🤖 AI Summary
Traditional arbitrary-precision arithmetic algorithms exhibit strong data dependencies that hinder effective exploitation of modern CPUs’ SIMD parallelism. This work proposes DigitsOnTurbo (DoT), a novel approach that restructures the dataflow and computation patterns of big-number operations to transform them into genuinely independent, data-parallel tasks—rather than merely vectorizing conventional algorithms. By fully leveraging SIMD instruction sets and aligning with contemporary CPU architectures, DoT achieves speedups of up to 1.85× and 2.3× for addition/subtraction and multiplication, respectively. When integrated into mainstream libraries, it improves end-to-end throughput by 19.3% in scientific computing workloads and reduces latency by 7.9% while increasing throughput by 5.9% in cryptographic applications.
📝 Abstract
Large-number arithmetic, widely used in scientific computing and cryptography, has seen limited adoption of single instruction, multiple data (SIMD) parallelism on modern CPUs due to the inherent dependencies in traditional algorithms.
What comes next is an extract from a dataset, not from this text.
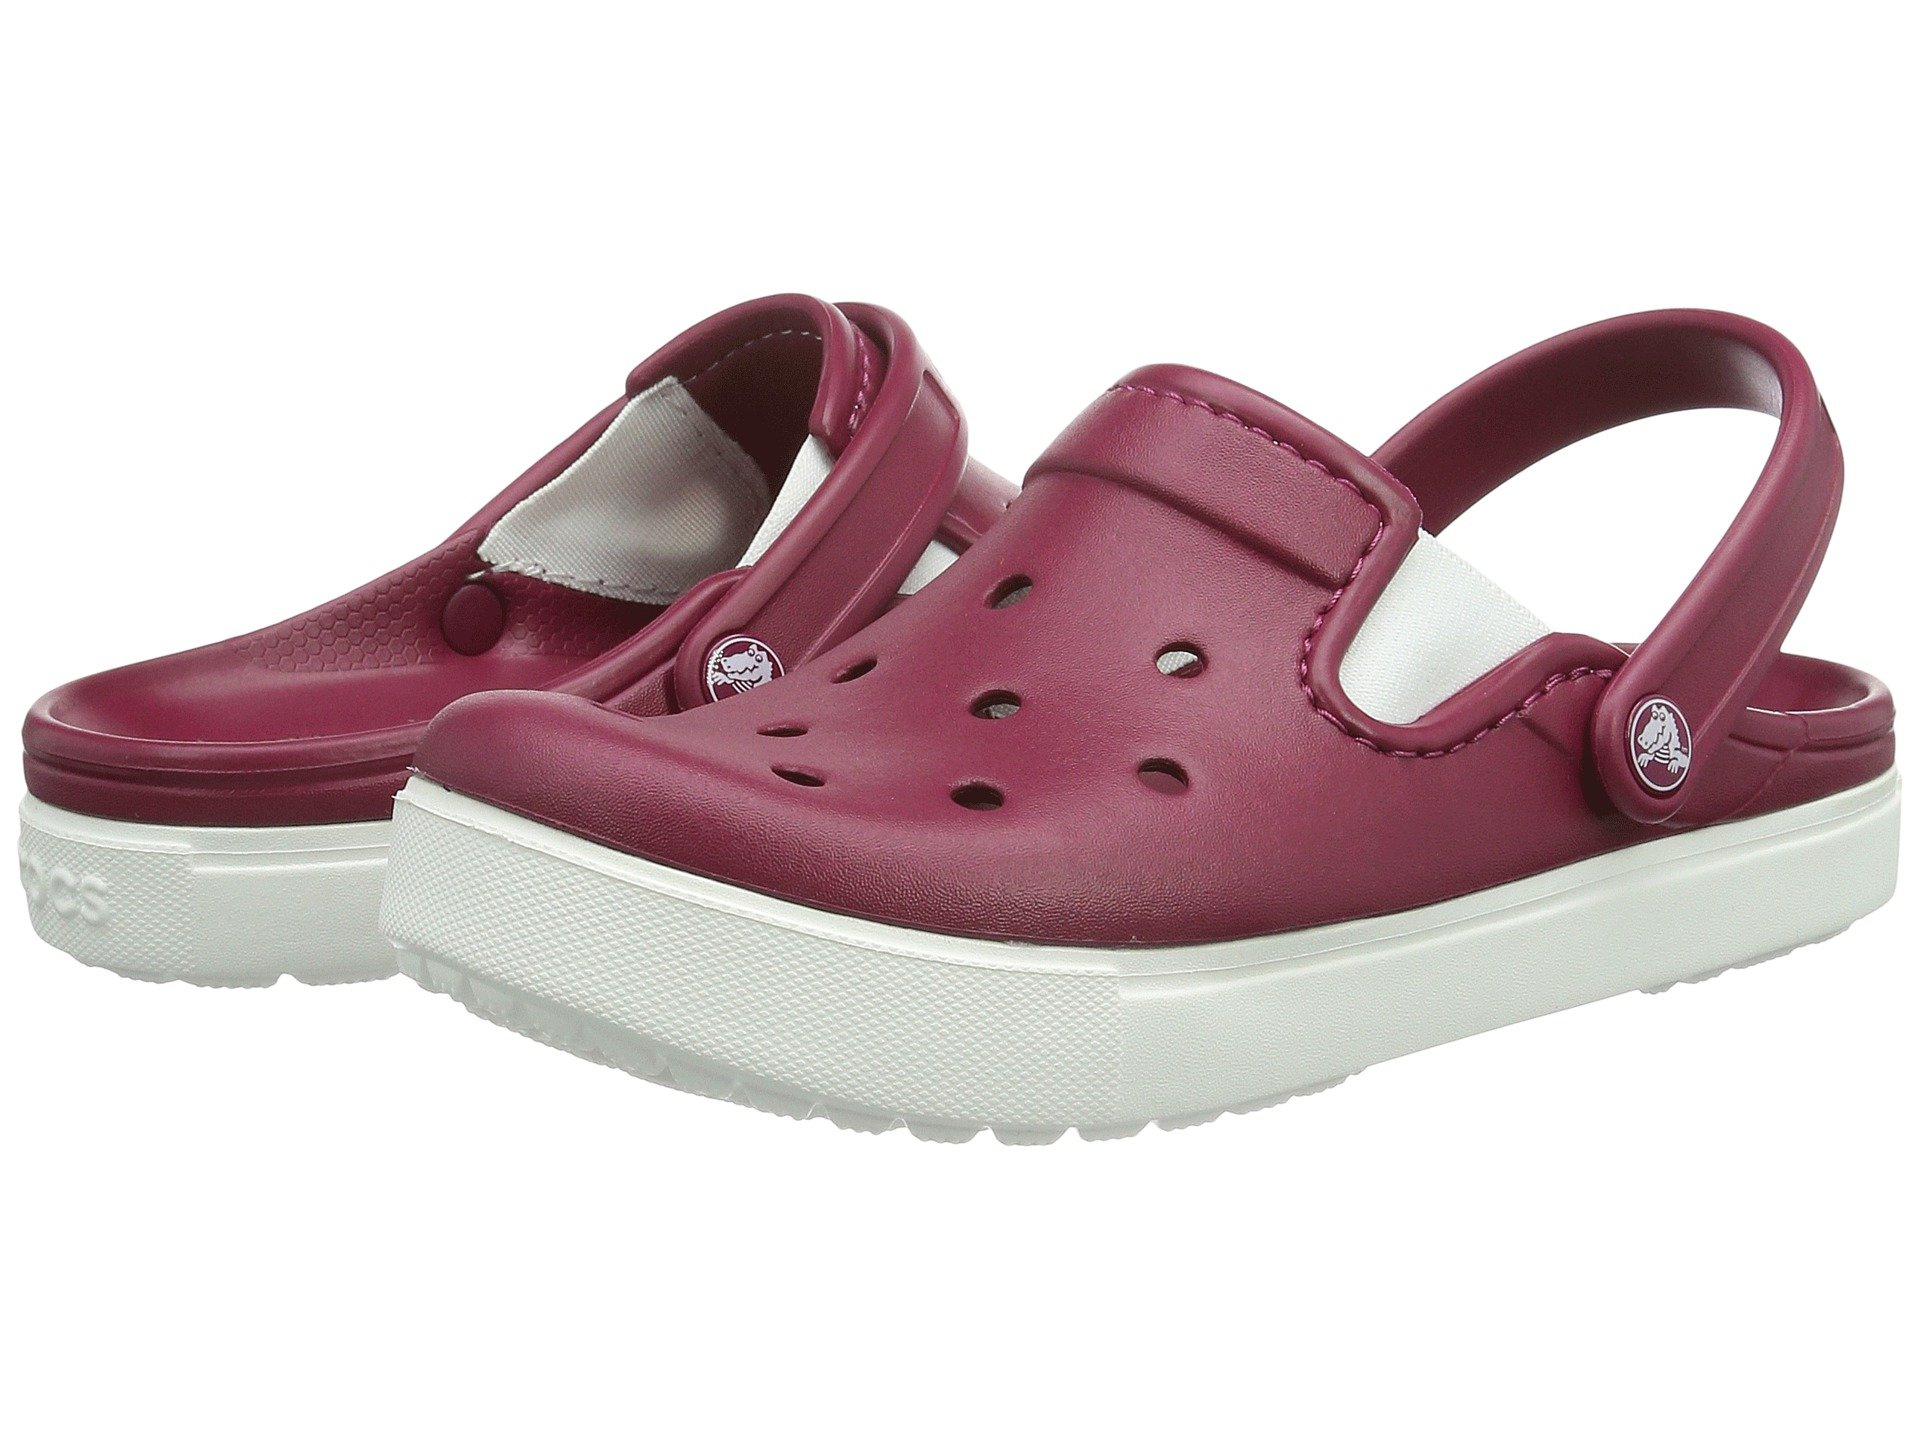 Calzado Sin Talon para Hombre Crocs CitiLane Clog  + Crocs en VeoyCompro.net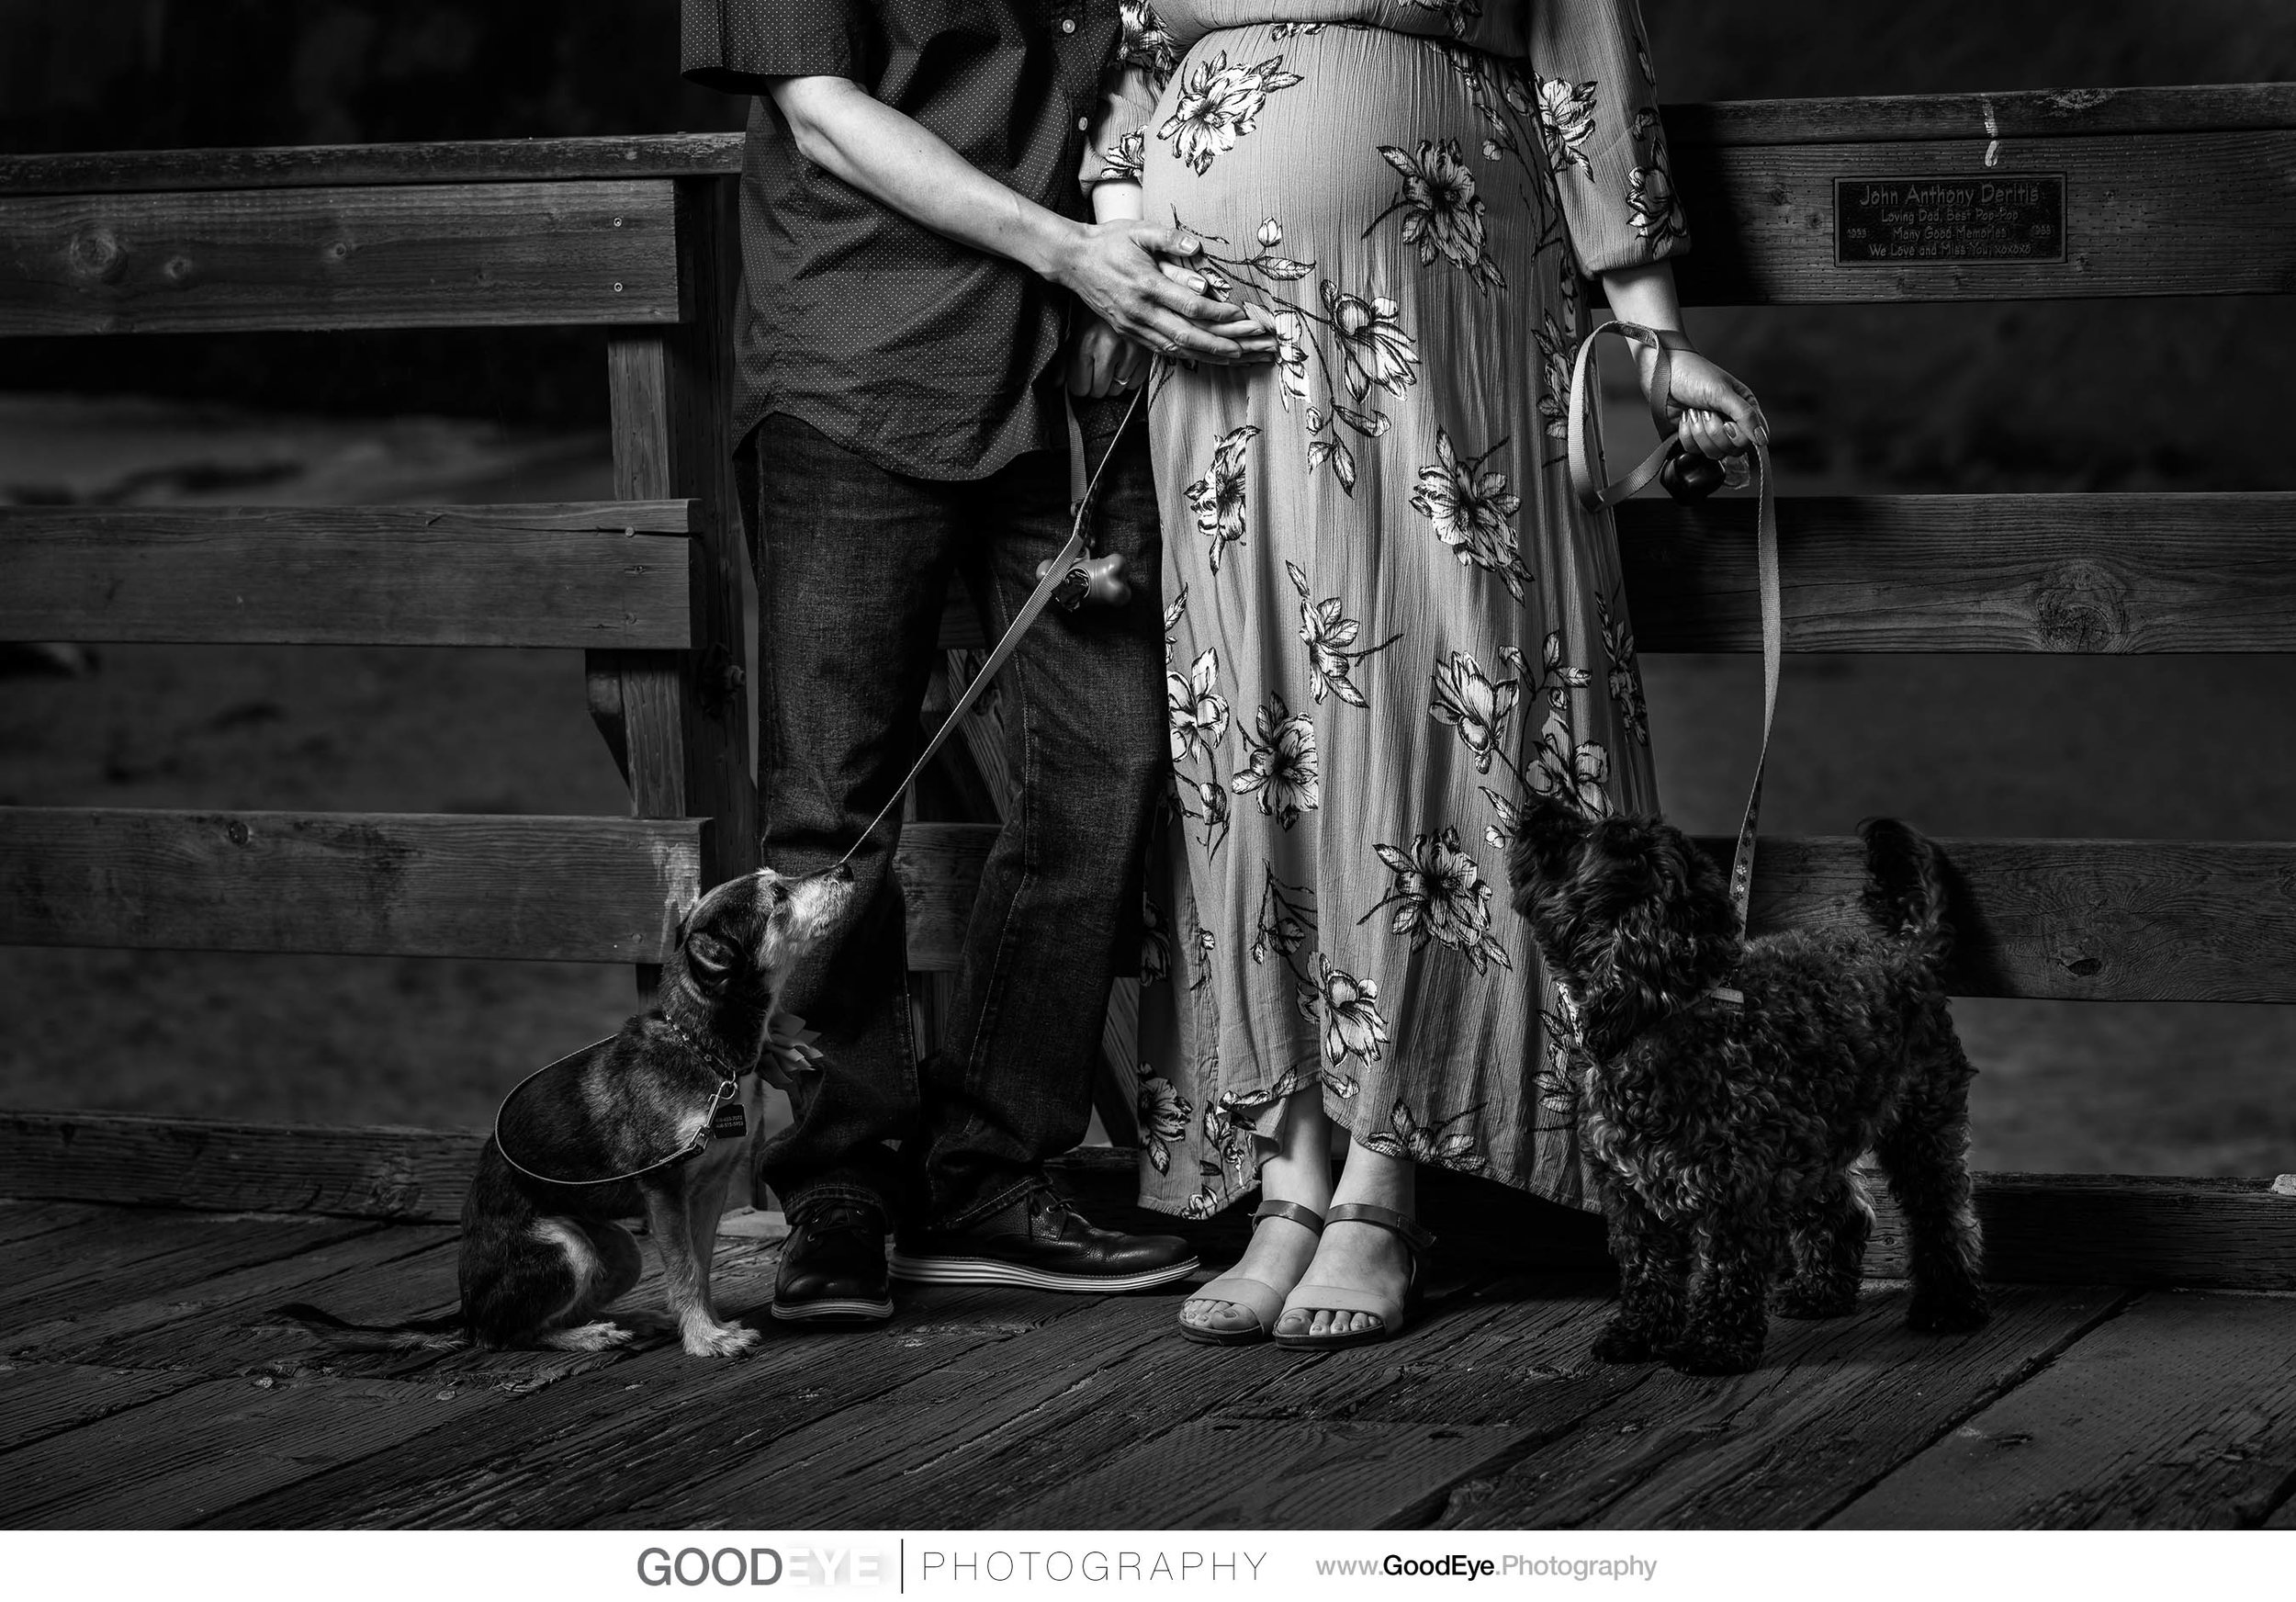 Capitola Beach Maternity Photos - by Bay Area portrait photograp

We present DigitsOnTurbo (DoT), which restructures the computation around independent, data-parallel operations, rather than vectorizing the standard algorithms, thereby leveraging the benefits provided by SIMD. Over prior SIMD implementations, DoT achieves up to 1.85x speedups for addition and subtraction, and 2.3x for multiplication. When integrated into state-of-the-art libraries, DoT yields up to 4x speedup for addition and subtraction, and up to 2x speedup for multiplication, cascading into end-to-end throughput gains of up to 19.3% for scientific computations, and up to 7.9% latency and 5.9% throughput improvements on cryptographic implementations.